The Department of Justice and AT&T traded flowery language in pre-trial briefs filed Friday while outlining their positions ahead of their March 19 court showdown over whether the U.S. government can block AT&T’s attempt to acquire Time Warner for $85 billion.
The filings came a day after some former DOJ officials in their own court filing expressed concern over President Donald Trump’s influence over the agency’s move to sue, as retaliation for negative coverage by Time Warner-owned cable news network CNN.
The government today in its filing dinged some of AT&T’s arguments in favor of a merger, referring to them as “the Star Wars defense” — that the DOJ’s objections are “from a long time ago in a galaxy far, far away. Not so.”
Settlement talks between the government and AT&T failed in December, setting up the showdown. At issue is the vertical deal that had sailed through many agencies’ review process and was thought to be days away from a DOJ stamp of approval. But in the lawsuit filed November 20, the DOJ said the merger would raise prices for rival distributors and also pay-TV subscribers, while hampering the growth of online video.

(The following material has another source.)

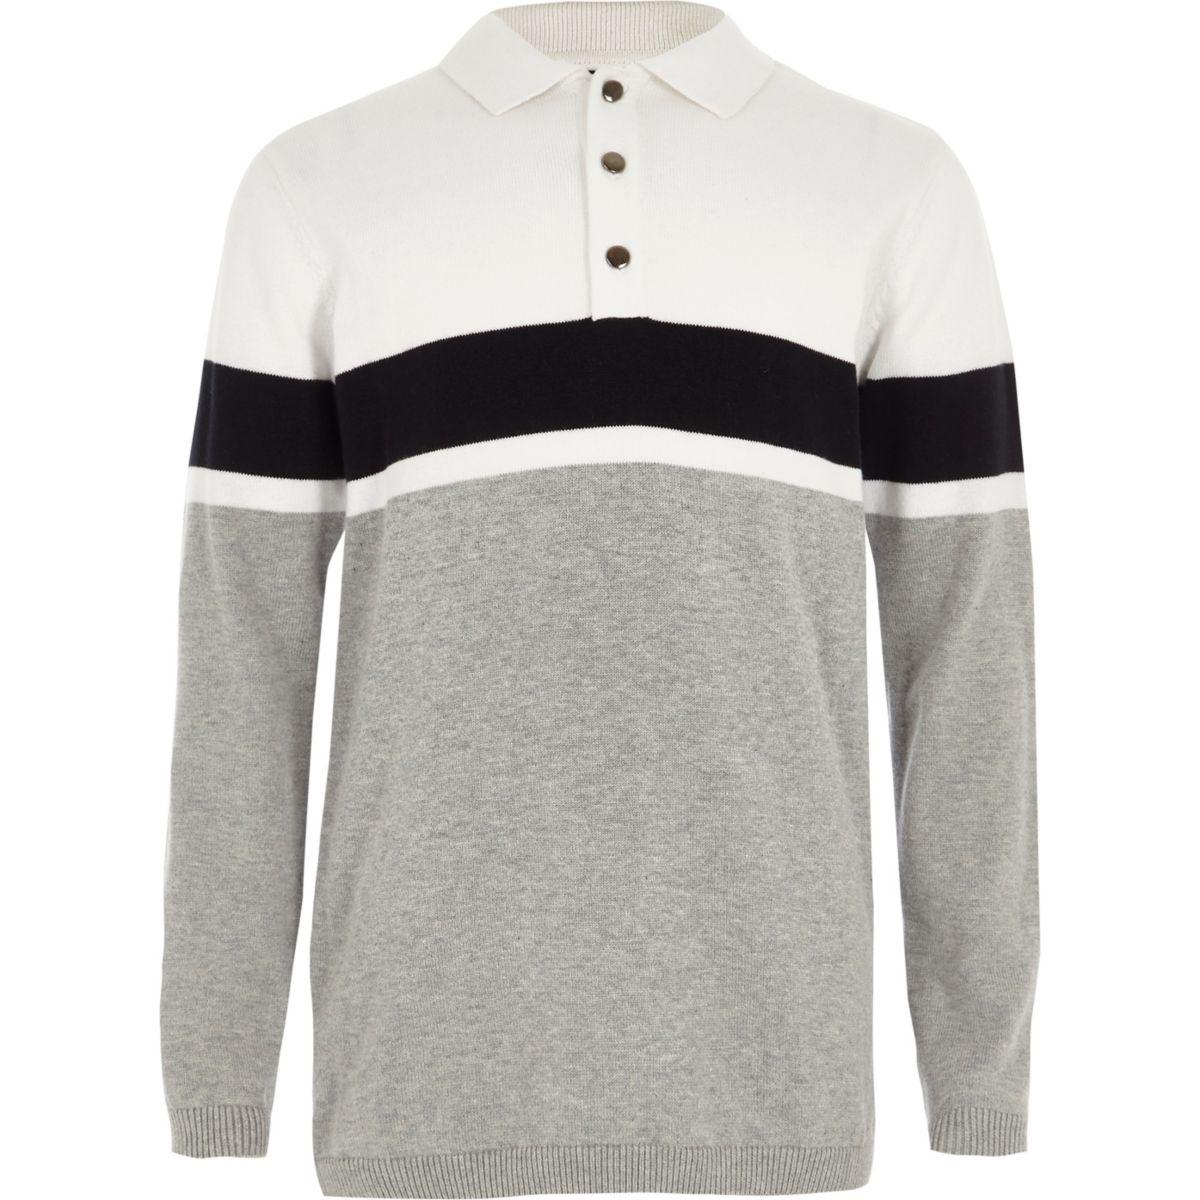 Boys white block stripe knit rugby shirt

In its pre-trial brief (read it here) today, AT&T said the DOJ’s case — which hinges partly on the theory that the merger will force competitors to pay hundreds of millions of dollars more per year for the right to distribute its raft of networks — “like a Persian cat with its fur shaved, is alarmingly pale and thin.”
Execs at AT&T have publicly questioned the timeline of DOJ’s interference. The suit was filed after talks with regulators who said AT&T could have an easier time if it shed CNN or other large assets as a condition of their approval. AT&T boss Randall Stephenson has said he has no plans to part with CNN.
Among the former DOJers who filed Thursday’s brief about being wary of political interference in the case were Preet Bharara, the former U.S. Attorney for the Southern District of New York, and former U.S. Attorney General John Dean, who served prison time for his role in the Watergate scandal that ended in the resignation of President Richard Nixon.